Lenalidomide is an immunomodulatory drug (IMiD) is used to treat multiple myeloma (MM) patients. Lenalidomide destroy MM cells to induce ubiquitination and degradation as a result of the Ikaros family zinc finger protein 1 and 3 (IKZF1 and IKZF3). IKZF1 and IKZF3 high expression in MM less sensitivity results for lenalidomide treatment and possible cytotoxic effect. Therefore, detecting IKZF1 and IKZF3 protein expression is very important in the treatment of MM.
Here, we report the manufacture of new electrochemical immunosensor free label for the rapid detection and quantification of IKZF1 and IKZF3 using electrochemical impedance spectroscopy (EIS). gold electrodes are used to fabricate immunosensors by paralyzing IKZF1 and IKZF3 specific antibodies using cysteamine and crosslinkers PDITC. The immunosensors able to detect the protein level IKZF1 and IKZF3 with a lower detection limit respectively 0.68 and 0.97 pg / ml (11.8 and 16.7 FM).
In addition, the successful application immunosensors’ in human serum and their high selectivity and sensitivity allows the application they may be in other biofluids as point-of-care simple tool for monitoring multiple myeloma patients treated with lenalidomide, to prevent drug cytotoxicity and minimize side effects .Ikaros zinc finger 1 (IKZF1 or Ikaros) is a DNA-binding zinc finger transcription factor that acts as a regulator of hematopoietic critical lymphocytes and myeloid differentiation. Loss-of-function germline heterozygous mutation in the DNA-binding IKZF1 affecting described as the cause of two different primary immunodeficiency (PID) / error congenital immune disease.
Acting with haploinsufficiency mutations present with common variable immune deficiency like phenotype mainly characterized by increased susceptibility to infection. Mutations present mode dominant negative act with immunodeficiency phenotype combined with the high prevalence of pneumonia jirovecii pneumonia. IKAROS disease pathophysiology and related manifestations in patients with PID are reviewed here.

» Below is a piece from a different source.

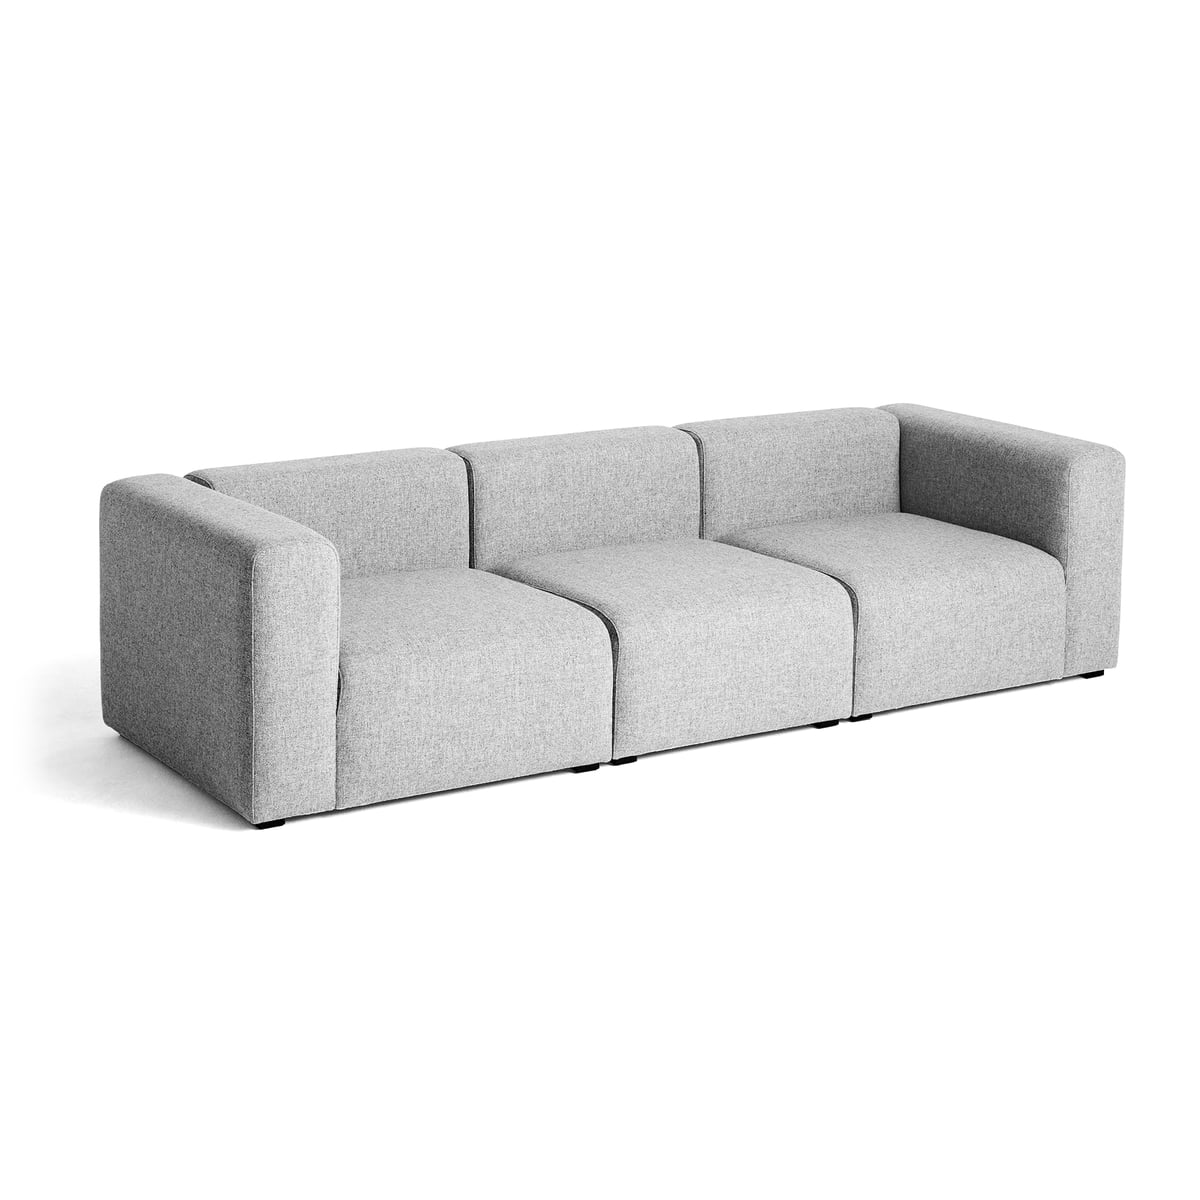 Peachy Hay Mags Sofa 3 Seater Surface 120 Light Grey Eu Cjindustries Chair Design For Home Cjindustriesco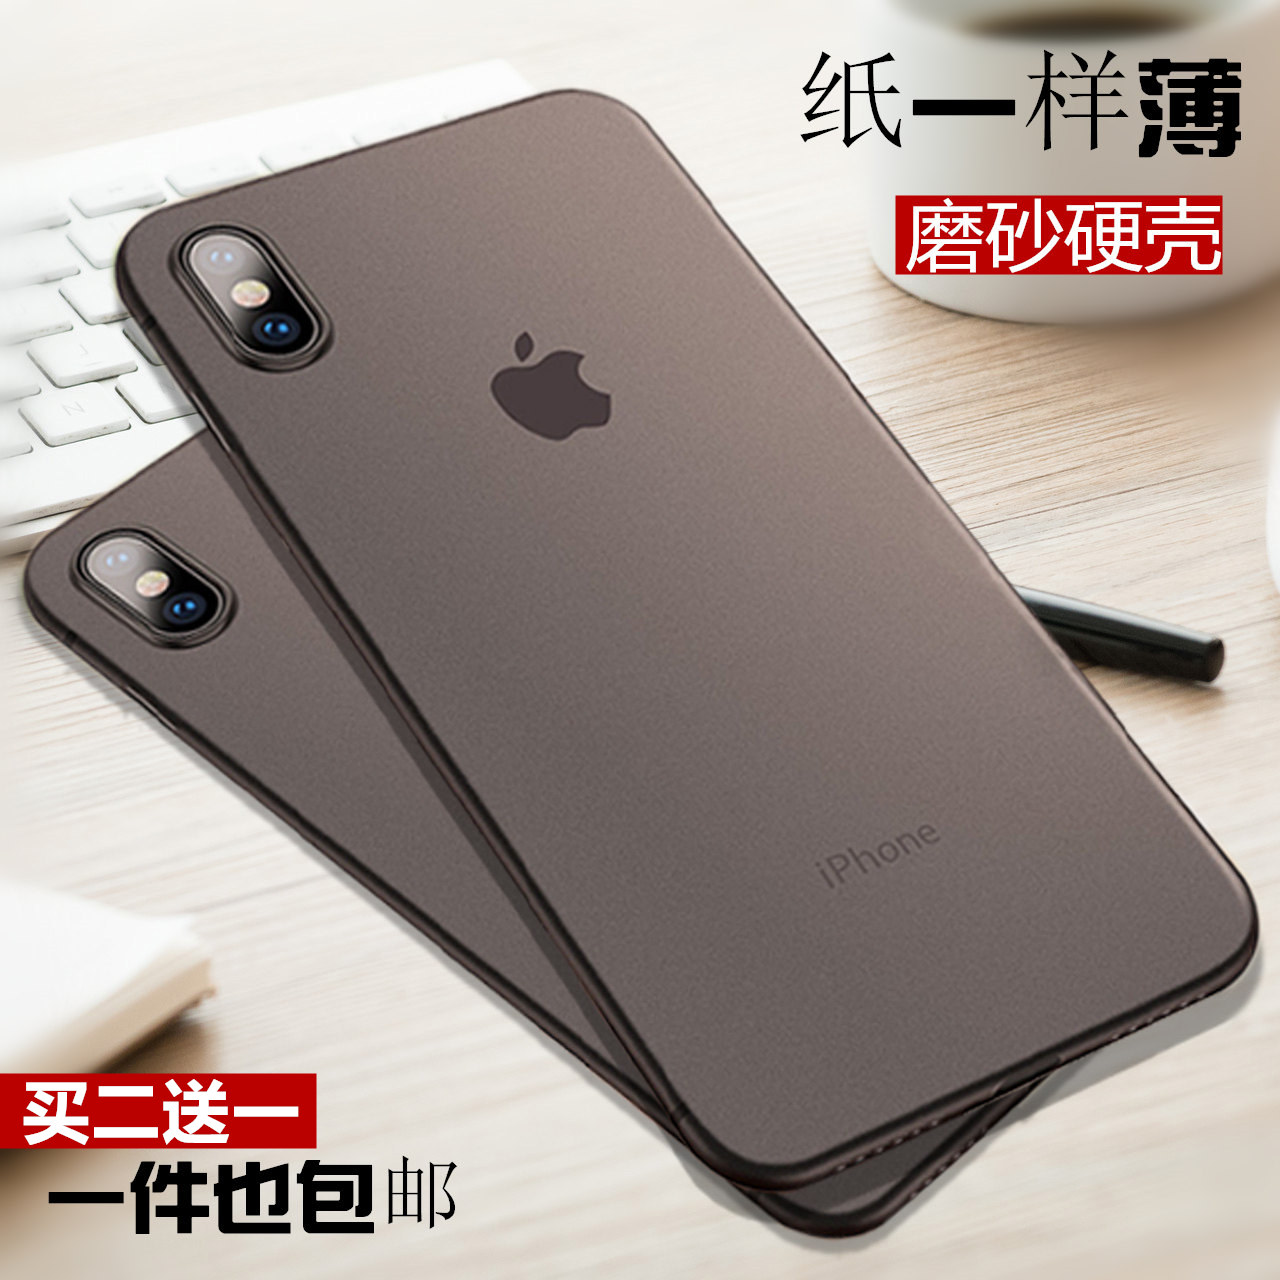 iphonex手机壳全包磨砂硬壳透明6splus超薄苹果7防摔8保护套9潮牌

Development of Label-Free Impedimetric Immunosensors for IKZF1 and IKZF3 Femtomolar Detection for Monitoring Multiple Myeloma Patients Treated with Lenalidomide
[Ikaros Family Zinc Finger 1 Mutations Are a Factor poor prognosis for Adult Patients with B-Cell Acute Lymphoblastic Leukemia].
To investigate the prognosis of patients with acute lymphoblastic leukemia-mature B cells (B-ALL), accompanied by family Ikaros zinc finger 1 (IKZF1) mutation, and to explore the role of stem cell transplantation of hematopoietic allogeneic (allo-HSCT) in improving the clinical outcomes of clinical data patients.The of 164 adult patients with B-ALL who received IKZF-1 mutation by capillary electrophoresis detection of bone marrow collected, and the relationship between IKZF-1 gene mutation and prognosis of adult patients with B-ALL were analyzed.
RESULTS Among 164 adult B-ALL patients, patients with IKZF-1 mutation (IKZF-1 +) was 80 cases, while patients without IKZF-1 mutation (IKZF-1) was 84 cases. Among the 80 IKZF-1 positive, according to the methods of treatment of patients after complete remission is divided into HSCT group (48 cases) and chemotherapy group (32 cases). Analysis showed that the 3-year overall survival (OS) and leukemia-free survival (LFS) level in the group lower.
IKZF1 + remote OS and LFS level in the transplant group was 50.3% ± 8.3%, 41.6% ± 8.5%; OS and LFS fare in the chemotherapy group was 33.7% ± 12.8%, 31.5% ± 9.5%, which is lower than in the group IKZF1- (transplantation group: 79.5% ± 7.6%, 64.0% ± 8.4%, while the chemotherapy group, 54.4% ± 9.9%, 40.6% ± 9.6% respectirely (P <0.05) among the 80 patients with B-ALL with IKZF- 1- mutations, 3-year OS and LFS levels were significantly higher in the transplant group (55.3% ± 7.5%, 48.3% ± 7.6%) compared with chemotherapy group (32.9% ± 11 8%, 28.4% ± 10.3%) with IKZF1 mutations (P <0.05).